Overview
The assessment of surgical and postoperative risks in thoracic surgery is a field of significant interest because the surgical procedure causes substantial changes in the body's homeostasis.
The postoperative course is characterized by considerable clinical variability compared to the preoperative classification, which highlights more homogeneous data among various patient groups. This variability appears to result from individual differences in response to extensive pulmonary resections. Notably, the homogeneity of preoperative data does not correlate with the greater variability observed in the postoperative course.
The application of algorithms derived from BIVA in bioimpedance studies has proven particularly useful for prognostic assessments in oncology, as it can evaluate a patient's hydration status and muscle reserves at the time of diagnosis or the start of clinical/surgical treatment.

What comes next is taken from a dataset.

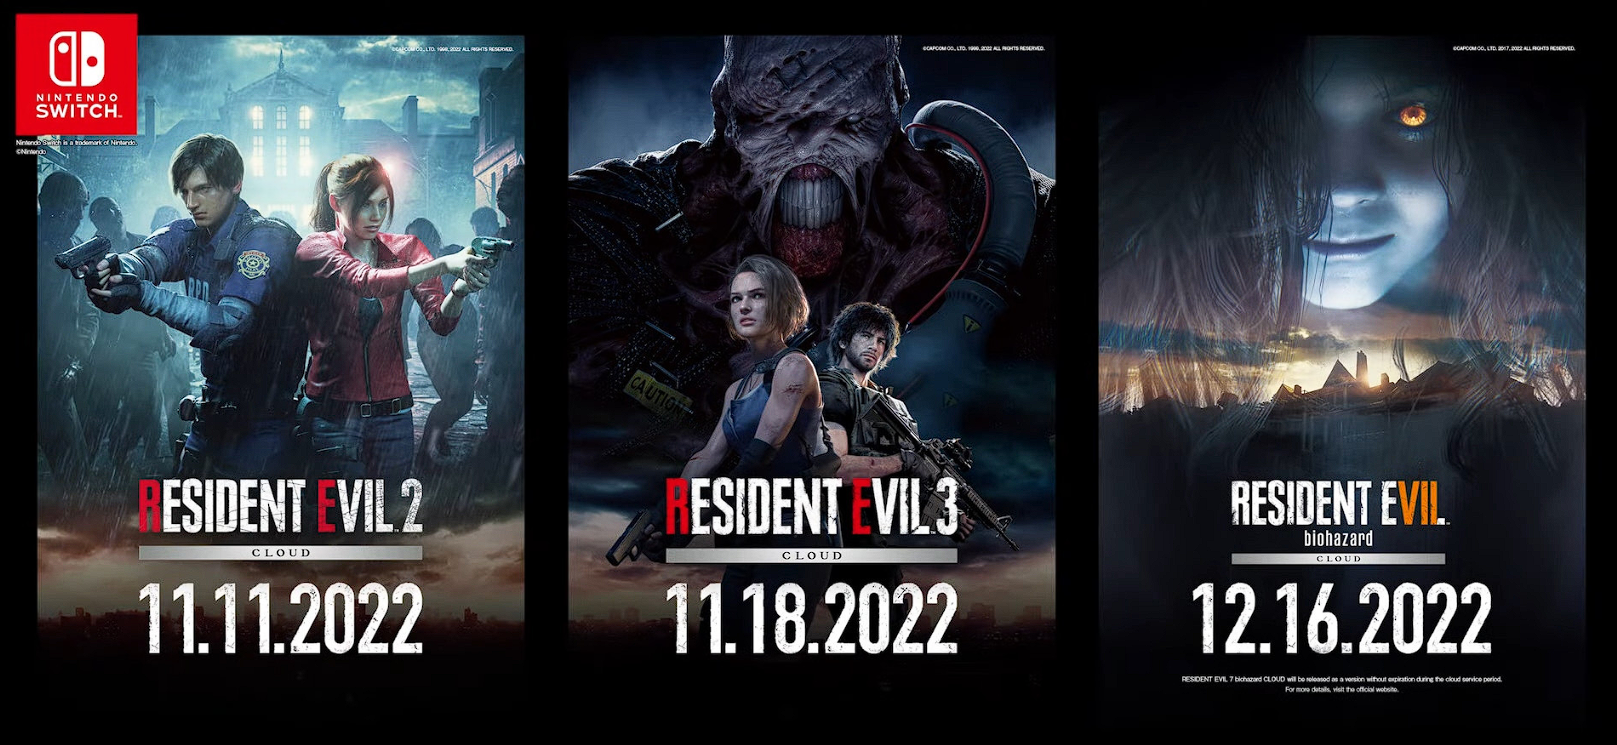 Capcom zapowiedział wydanie remake'ów Resident Evil 2 & 3 na Nintendo Switch w listopadzie, a Resident Evil 7 należy spodziewać się 16 grudnia-2
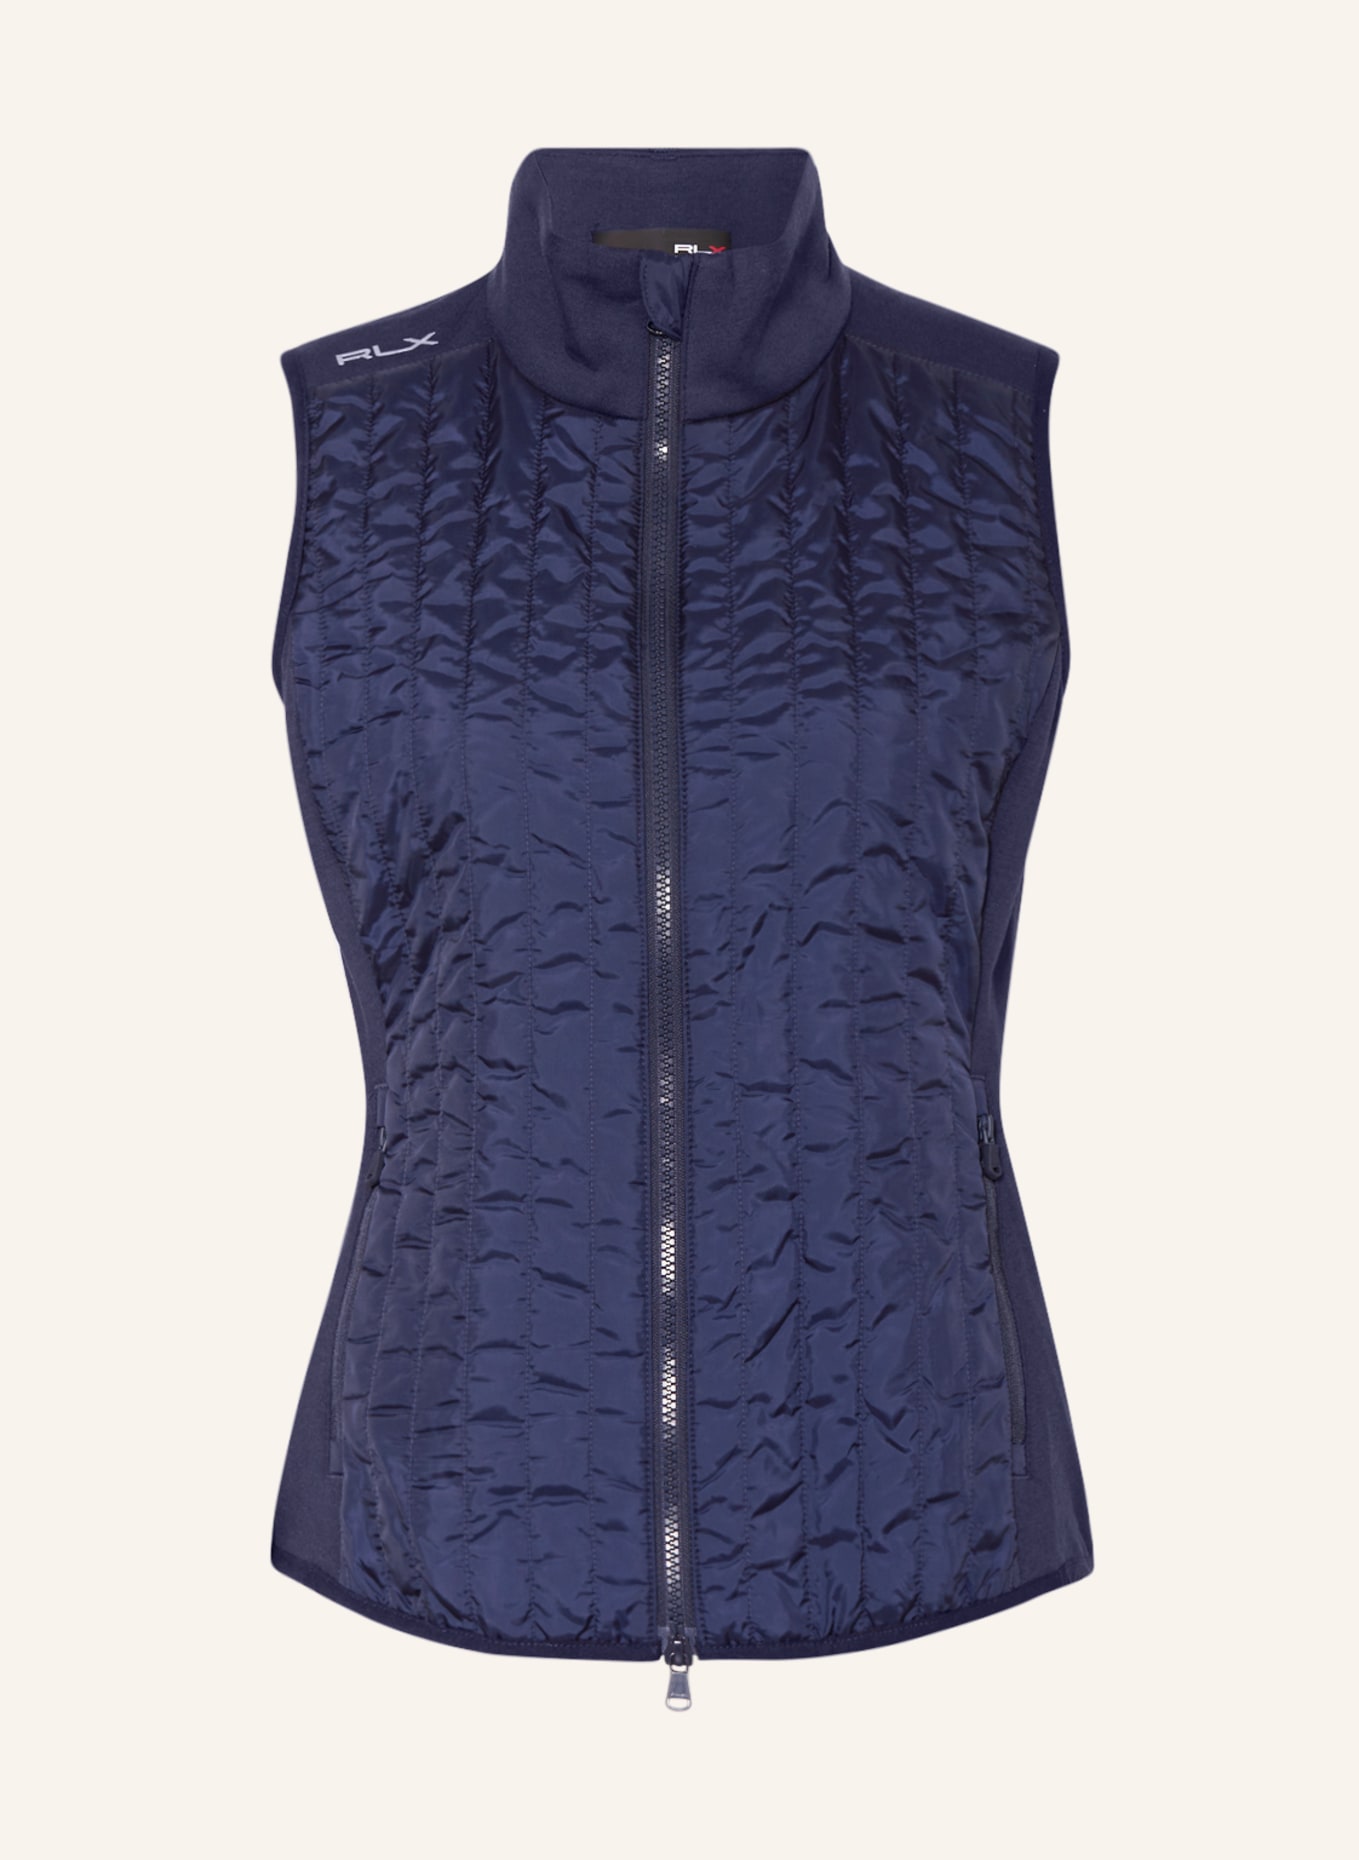 RLX RALPH LAUREN Performance vest, Color: BLUE (Image 1)

Understanding body composition, particularly the quantity and/or quality of muscle mass, is essential for diagnosing sarcopenia.
By passing a low-intensity alternating current (imperceptible to the patient) through the body, BIVA measures provide insights into body water distribution (both intracellular and extracellular), lean mass and skeletal muscle mass. Overall, the test offers a detailed picture of hydration status and skeletal muscle composition.
Another validated tool for assessing sarcopenia, which provides information on both muscle quantity (via cross-sectional area measurements) and muscle quality (via muscle density measurements), is computed tomography (CT). CT imaging is typically performed for diagnostic and staging purposes before surgery in thoracic surgery patients, either alone or in combination with positron emission tomography (PET).
Our study will focus on assessing correlations between clinical, imaging, and bioimpedance data and postoperative outcomes, with particular attention to the incidence of atrial fibrillation (AF), pulmonary atelectasis requiring treatment, and increased pleural drainage production.
Additionally, we will evaluate the relationship between the surgical approach (open surgery vs. video-assisted thoracoscopic surgery, or VATS) and short-term bioimpedance values.
Eligibility
Inclusion Criteria:
- Patients undergoing pulmonary resection surgery for primary neoplasm within a one-year timeframe.
Exclusion Criteria:
- Patients with chronic atrial fibrillation (AF).
- Patients who have previously undergone major pulmonary resection.
- Patients with pacemakers or implantable devices, as the use of bioimpedance vector analysis (BIVA) may be contraindicated.